Matteo "NonMiPiaceIlCirco" Preabianca creates five sonic sketches from another world.


: Press Release
: Digital Booklet


Track Listing:
Miles, no Davis
Bratislavskaya
Australiana
Francisco Orleans
Puebla vs. Milan

Reviews:
Pieces are playthings on “A Kind of World”. The songs are intimate small creatures. Length-wise they last exactly as long as they need to. By keeping things brief the songs are able to explore microscopic details. Amplified sounds beyond belief serve as the focus of each track. Small gestures are explored and developed in full throughout these several pieces. Rhythm, melody, these things are unnecessary in the wild lands of “A Kind of World”.
Opening up with “Miles, no Davis” Matteo lets the song start the collection off on a light note. The work echoes and has slight elements of a song structure. With dry delivery the song gains a reflective approach. What follows is perhaps the prettiest song on the entire collection the tactile “Bratislavskaya”. Unconventional in beauty the piece’s small pings reveal a rather joyful approach. On the other side of the spectrum are the harsh noises of “Australiana”. Gone is any attempt at beauty. Noisy, brutal, it is a difficult piece. “Francisco Orleans” disorients the listener. While chipmunk levels of sped up conversations occur random bursts of a song come flowing into the mix. None of it makes sense and overall a sense of drunkenness pervades the piece. Ending things off on a clear note are is the tender touch of “Puebla vs. Milan”.
These are strange bizarre creatures. Teeming with life they come together to explore a world just beyond the average person’s sense of perception. They are magnificent testament to small moments.
~ Beach Sloth

Italian artist Matteo Preabianca is, perhaps, best known for being the creative force in Italian project Non Mi Piace Il Circo. As a solo artist he doesn’t appear to have established a firm presence yet, although his language CD “Italian Lessons” seems to be fairly well known. “A Kind of World” appears to be his debut production as a solo musical artist however, and was released by US label Silber Records towards the end of 2014 as a part of their ongoing 5-in-5 conceptual range of EPs, where the concept is to create a 5 minute long EP with a total of 5 compositions.
Preabianca’s take on this task results in creations that by and large exist outside of the norms of conventional music.

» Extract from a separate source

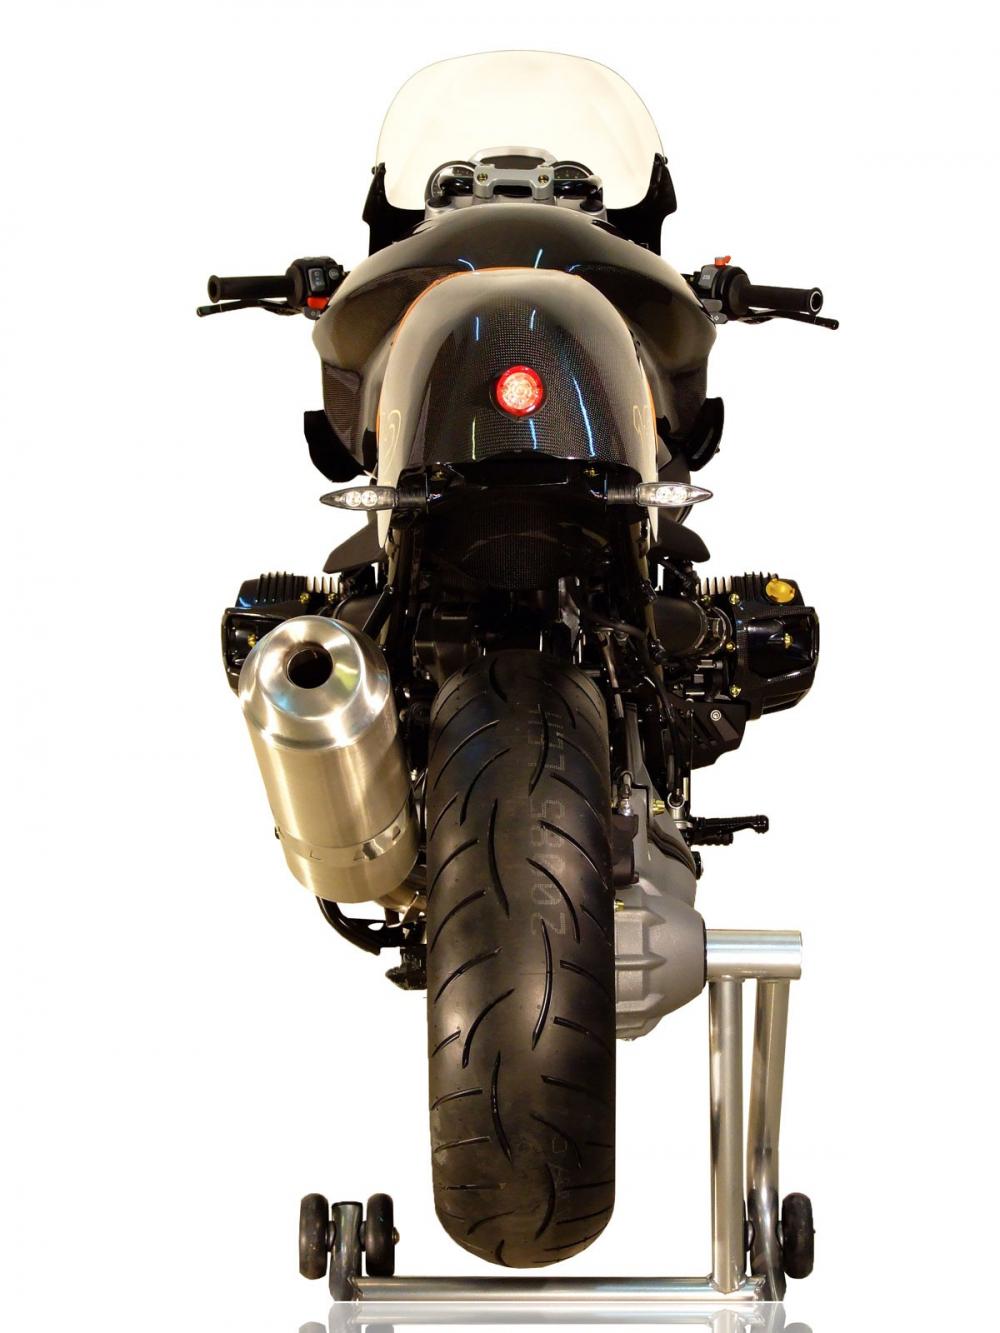 BMW R1200R man lot xac ngoan muc voi than hinh CAFE RACER hoan toan tu soi Carbon - 6

We’re treated to one set of spoken words over gliding instrument textures, a lo-fi mono recording of what may or may not be a steel piano, a constellation of rhythm sounds that may or may not be various instances of coins dropped on a wooden table, one piece that sounds like talking mice frantically running away from trumpet like sounds and at last an ongoing gentle metallic percussion with interludes from a broken, distanced elderly and presumably male voice. All of them intriguing to a lesser or greater degree, but few of them creations that can safely be placed inside a context of conventional music per se.
Those who are in the mood for 5 minutes of unconventional moods and atmospheres should find this production to be an intriguing one however.
~ Olav Martin Bjørnsen, House of Prog

Briefly described as ‘sonic collages’ you suspect the expansive sound and creative intent of Matteo Preabianca might well suffer in terms of getting its point over and being truly able to sufficiently breathe and blossom. Fear not for despite the time limitations Preabianca manages with much aplomb to shoehorn in a vast array of sound, style and ambition as to have you literally reeling in admiration. The crypto titled ‘miles, no Davis’ opens proceedings swathing all in a swirling ice sculptured ambient velour propelled by streams of consciousness, the next ‘bratislavskaya’ comes uncharacteristically and by that I mean by title alone you’d expect some Soviet styled regalia instead surprisingly it ushers in adorned in serene bowed chimes that exude a demurring Orient by twilight appeal. ‘Australiana’ likewise arrives reliant on textures in this case a kind of fireworks pageantry while by the time you arrive at ‘Francisco Orleans’ you begin to suspect that the set is a skewed rough guide to native sounds of sorts with this un capturing the jazz spirit perfectly albeit sepia tweaked and somewhat warped in its tonality and execution. Last up ‘puebla vs. milan’ insists on the most simple lullaby motif turned out by dinky twinkling bell corteges.